Но Зван уже подтолкнул мяч.
Олли Вилдеман медленно поднял его.
— Иди сюда, Томми, — сказал он, — давай-ка вылижи мячик дочиста!
Я привык, что он задирает меня в школе, но это было что-то другое.
— И не подумаю, — прохрипел я.
Незнакомый мальчишка расхохотался.
— Тебе уже двенадцать лет, Олли, — сказал я, — что за детские глупости.
Это я сказал зря.
Олли не любил, когда ему напоминали о том, что ему двенадцать лет, а он учится в четвертом классе. Он посмотрел на меня злющими глазами. Другой мальчишка достал из штанов свою пипу, грязной правой рукой потряс ее, чтобы не замерзла на холоде, и пописал на глухую стену — получилась шикарная струя; в соревновании, кто дальше пописает, он бы наверняка выиграл.
— А ну покажи свою пиписку, — сказал он Звану.
— Бежим, Томас, — сказал Зван, — быстро.
Я побежал за Званом и споткнулся. Зван поднял меня. Мы бежали со всех ног, я чувствовал спиной, что Олли Вилдеман со вторым мальчишкой бегут по пятам.
По улице Фокке Симонсстрат шел точильщик, с трудом толкавший свою тележку. Мы подбежали к нему, а Олли Вилдеман кричал нам вслед:
— Чтоб ты сдох, еврей паршивый!
— Вам помочь? — спросил Зван у точильщика.
— Молодцы, ребята! — сказал точильщик. — Молодцы!
Мы толкали его тележку, а точильщик шел за нами и, насвистывая, спокойно сворачивал самокрутку.
Я толкал тележку, глотая слезы.
— Ты чего? — сказал Зван. — Все в порядке, город есть город, а хулиганы есть хулиганы.
— Я часто реву, — сказал я, — не обращай внимания.

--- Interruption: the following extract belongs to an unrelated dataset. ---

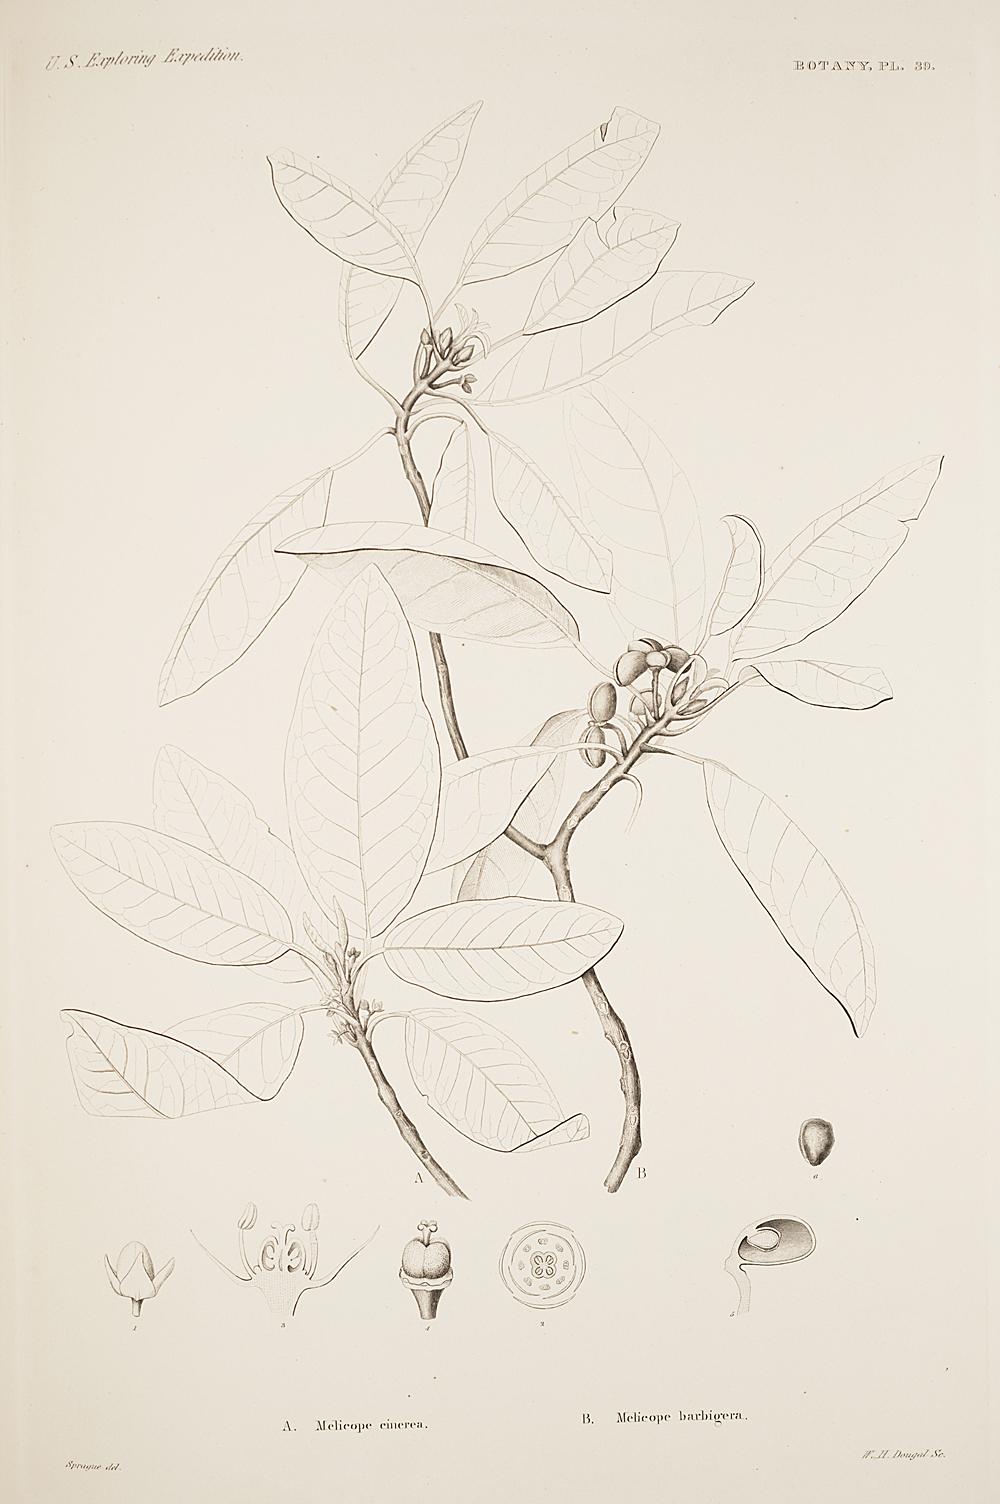 Botany, Pl. 39,  Image number:sil19-23-089b
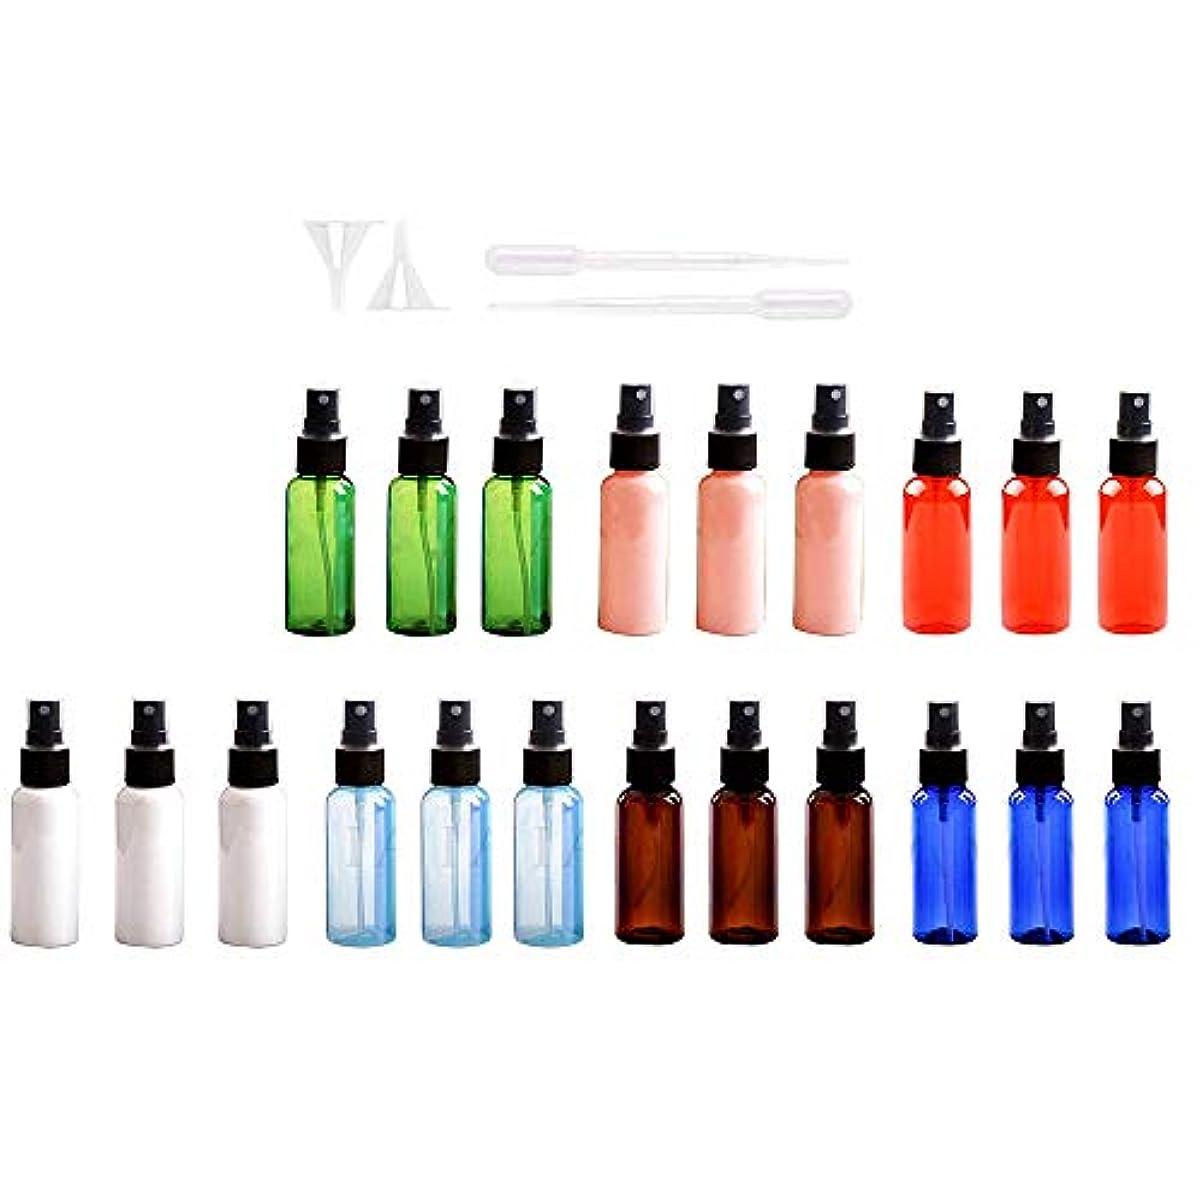 外科医ひも神秘的なスプレーボトル 21本セット 詰替ボトル 遮光 空容器 霧吹き30ML 遮光瓶スプレーキャップ付 プラスチック製

Они ушли?
— Я их не вижу, — сказал Зван, — но боюсь, что они никуда не ушли.
Ночные приключения
Мы со Званом сидели в кровати. Спины опирались на мягкие подушки, у ног были грелки, ладони лежали на одеяле. По моей просьбе горел ночник.
— Оттого, что тепло ногам, не мерзнут руки, — сказал я, — странно, да?
— Потрогай ногу рукой, — сказал Зван.
Я взялся рукой за ногу. Рука не почувствовала тепла, нога не почувствовала холода.
— У меня руки и ноги одной температуры, — сказал я.
Зван откинул одеяло и подтянул одну ногу.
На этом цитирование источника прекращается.